◆ Data shown ◆

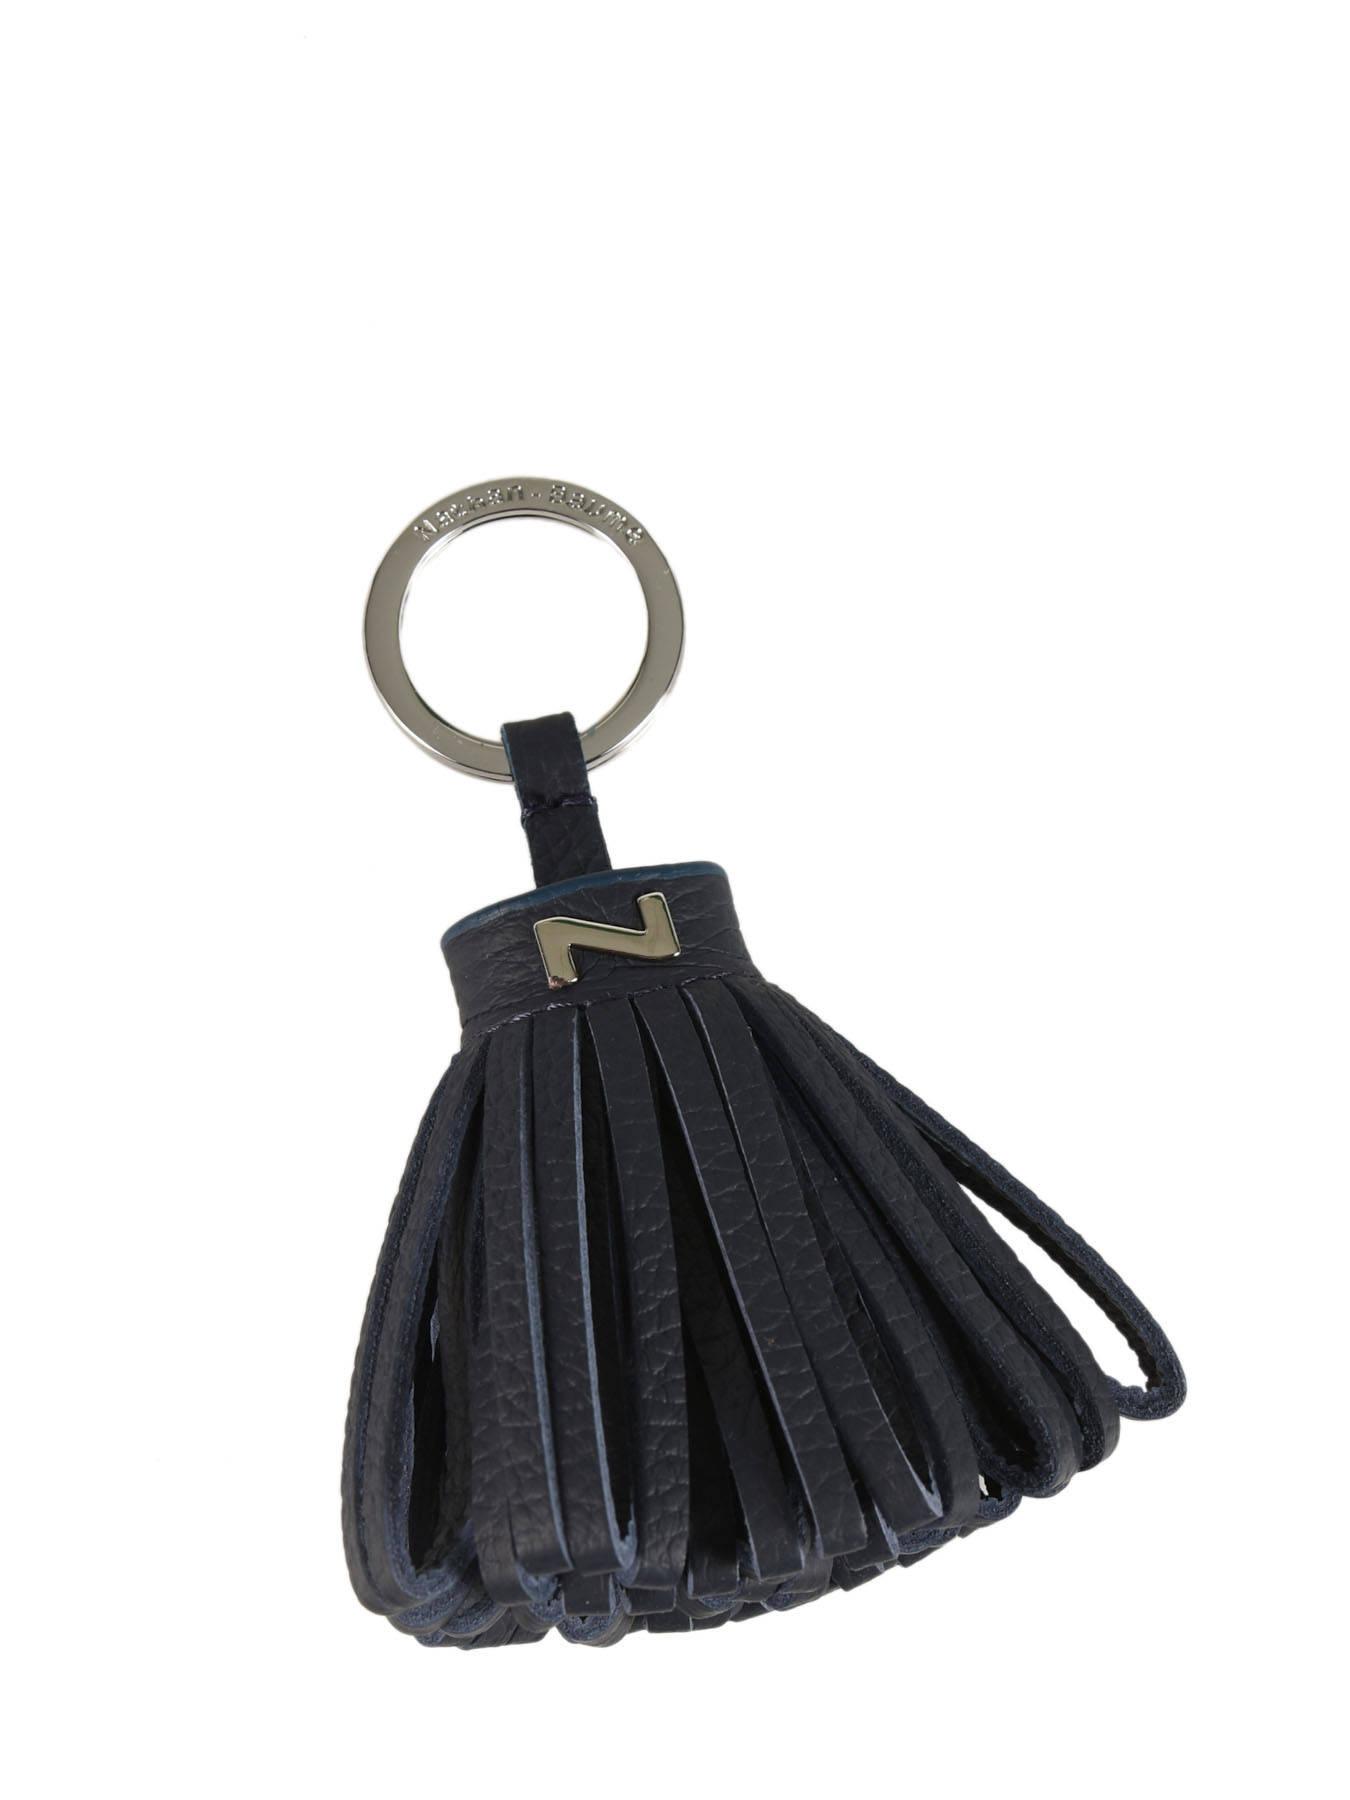 ... Porte-clefs Cuir Nathan baume Noir original gold 530100N ... 2050cd28a7c
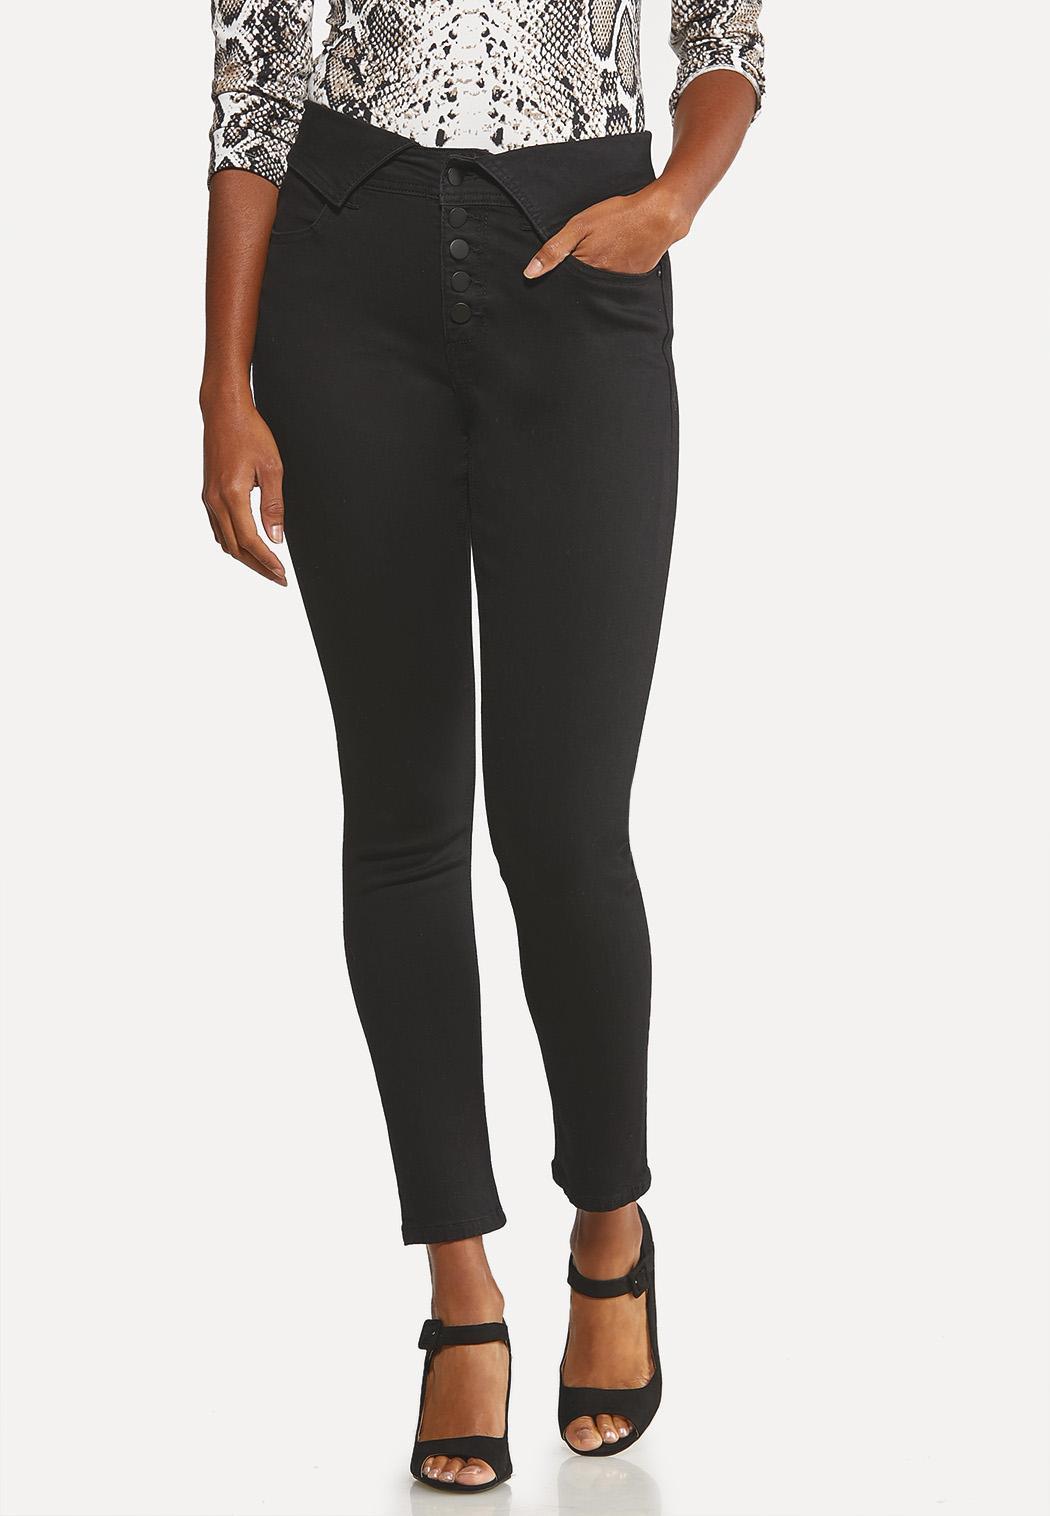 Fold Over Skinny Jeans
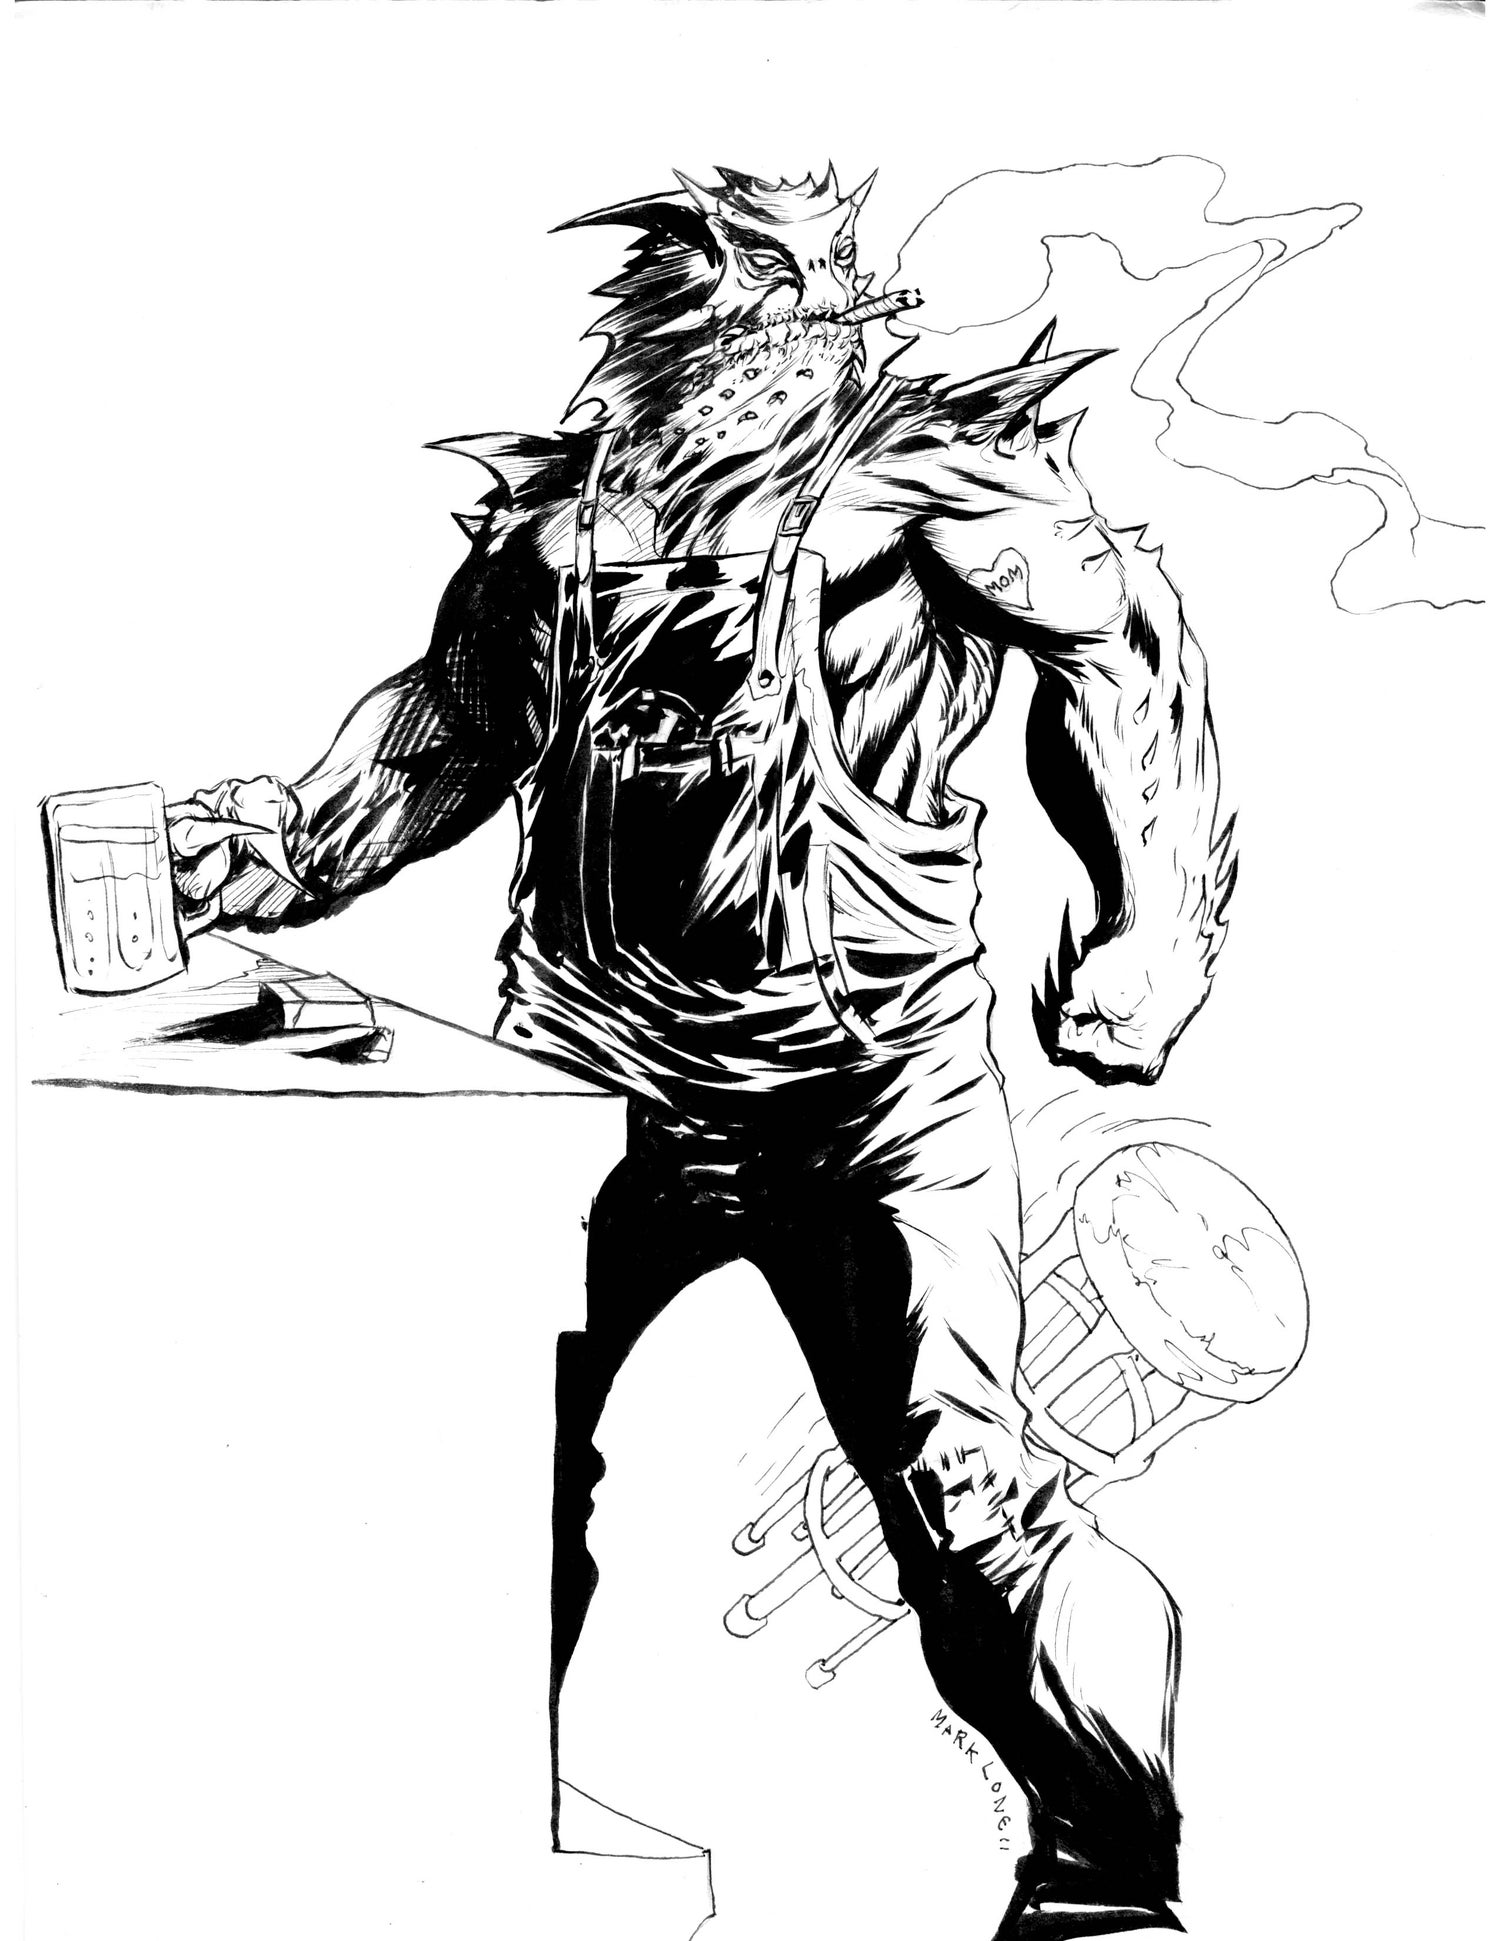 Image of Lizard Jenkins character design sheet

◆ Aim of the exercise ◆
Would it be possible to give the material above again exactly, with the pictures left out?

◆ The answer ◆
 ... Porte-clefs Cuir Nathan baume Noir original gold 530100N ... 2050cd28a7c
 Fold Over Skinny Jeans
 Image of Lizard Jenkins character design sheet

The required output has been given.